Auch aus Brüssel wird Kritik laut: Die zypriotischen Banken mit Geldern zu stabilisieren, hieße, Institute zu retten, die Geldwäsche für russisches Schwarzgeld betreiben. Andreas Theophanous findet die Geldwäsche-Diskussion übertrieben. Es gebe woanders größere Probleme und keinen Vorsatz zur Geldwäsche auf Zypern. "Niemand will eine Geldwaschanlage. Es wird der bestmögliche Versuch unternommen, alles im gesetzlichen Rahmen durchzuführen."

Hellenic Bank in Nikosia Foto: Philippos Christou
Angeschlagen: Zyperns BankensektorBild: AP

Mit dieser Meinung steht er in Zypern nicht allein. Auch hochrangige Politiker wie der amtierende Finanzminister Vassos Shiarly, übrigens früher selbst bei der angeschlagenen Bank of Cyprus, relativieren die Finanztransaktionen der Russen auf Zypern.

Koloniales Erbe

Die Zyprioten und ihre Verwaltung seien effizient, sagt der Historiker Heinz Richter. "Es ist ein westeuropäisch geprägter Staat." Die 70 Jahre britische Kolonialherrschaft hätten ein positives Erbe hinterlassen: "Ich habe nicht den geringsten Zweifel, dass die Zyprioten sich wieder berappeln können."

Das glaubt auch der Wirtschaftswissenschaftler Theophanous. Anders als in Griechenland seien die meisten Probleme Zyperns nicht hausgemacht, sondern durch äußere Faktoren entstanden - vor allem eben durch die Verflechtung mit der griechischen Wirtschaft, sagt er: "Wenn es nicht das Bankenproblem gäbe und die Verbindung mit Griechenland, bräuchten wir den Europäischen Stabilitätsmechanismus nicht, um aus der Krise herauszukommen."

Heinz A. Richter, Historiker mit Forschungsschwerpunkt Zypern und Griechenland Foto: privat
Historiker Heinz Richter: "Vergleichbar mit Deutschland 1945"Bild: privat

Bei der wirtschaftlichen Erholung wird der neue Staatspräsident eine maßgebliche Rolle spielen müssen. Alle Umfragen zufolge wird Nikos Anastassiadis von der konservativen Partei DISY in der Stichwahl das Rennen machen, er würde dann Dimitris Christofias ablösen. Der Chef der Partei AKEL, einer vom Programm her kommunistischen, realpolitisch aber sozialdemokratischen Partei, bezeichnete sich selbst gern als Kommunist.
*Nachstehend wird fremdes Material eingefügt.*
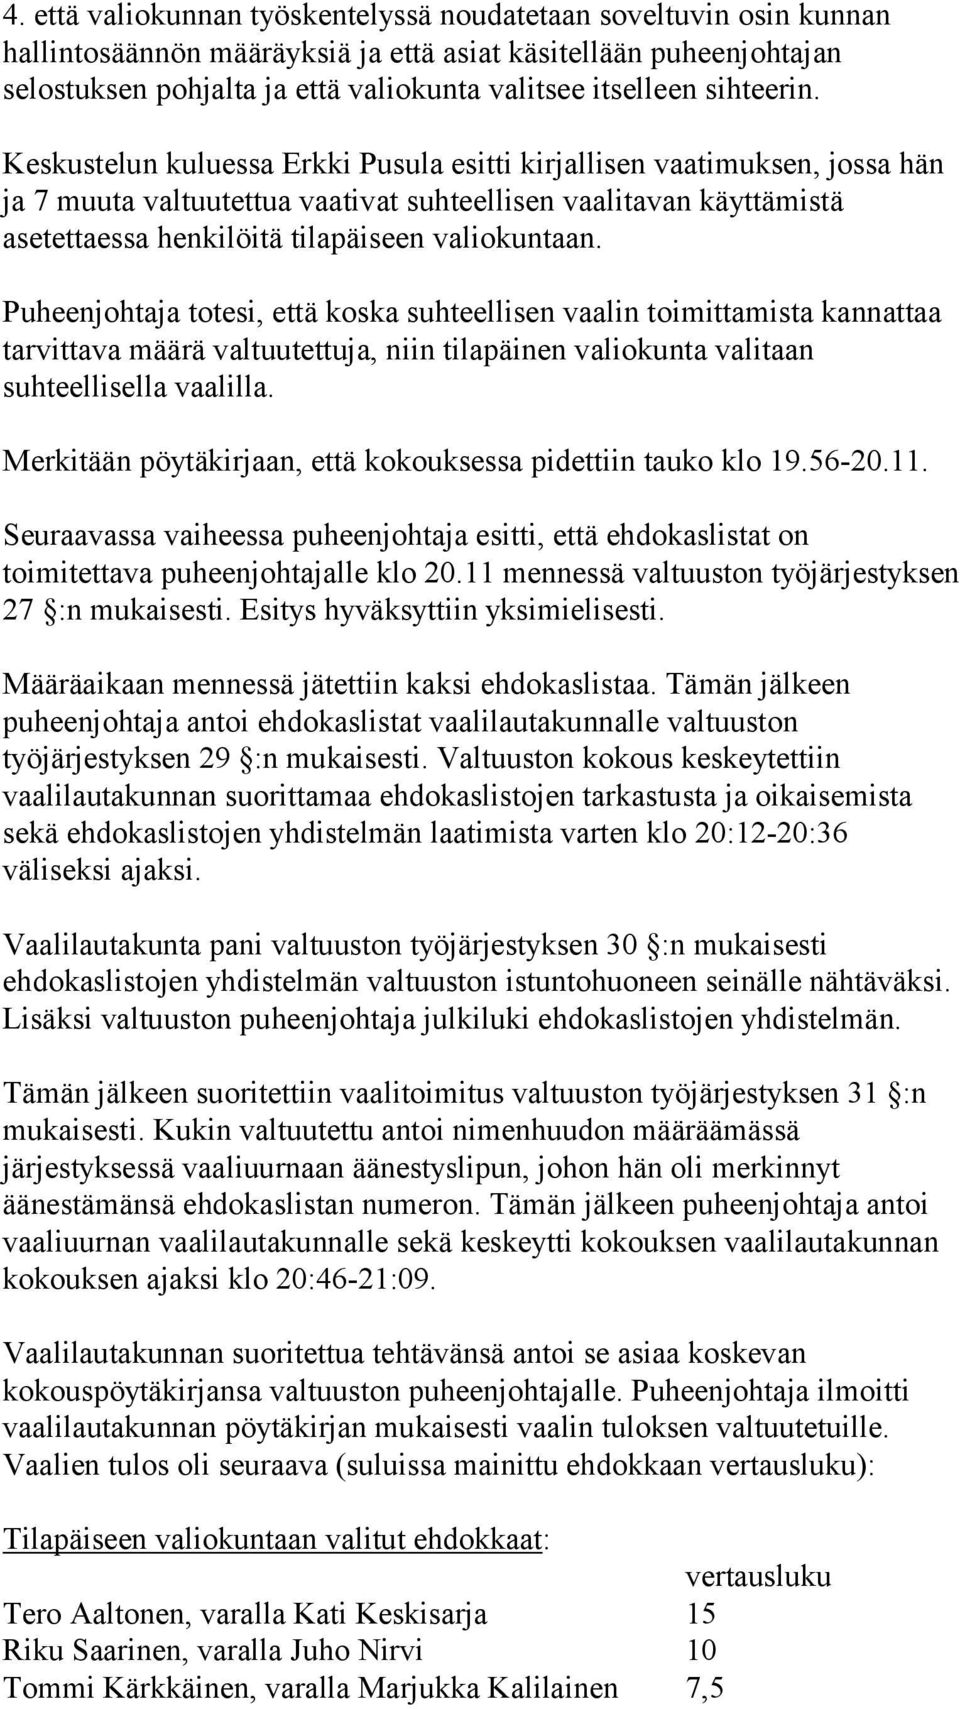 Keskustelun kuluessa Erkki Pusula esitti kirjallisen vaatimuksen, jossa hän ja 7 muuta valtuutettua vaativat suhteellisen vaalitavan käyttämistä asetettaessa henkilöitä tilapäiseen valiokuntaan.

Das und ein ungeschicktes Auftreten auf internationalem Parkett haben die politischen Beziehungen des Landes etwas erschwert, glauben Beobachter.

Mit Nikos Anastassiadis, dem Favoriten im Rennen um das Präsidentenamt, könnte sich das wieder ändern: "Anastassiadis ist der westeuropäisch geprägte Managertyp, der der Wirtschaft gegenüber aufgeschlossener sein wird und eher die Probleme begreift", meint Historiker Richter.

Nach Ansicht von Wirtschaftswissenschaftler Theophanous kann der kommende Präsident die Probleme aber nicht allein lösen: "Die zypriotische Gesellschaft will einen positiven Neuanfang. Aber wir brauchen auch die Solidarität unserer Partner." Also die 17,5 Milliarden Euro, die Zypern bereits im Sommer 2012 als Hilfsmaßnahme der EU beantragt hat.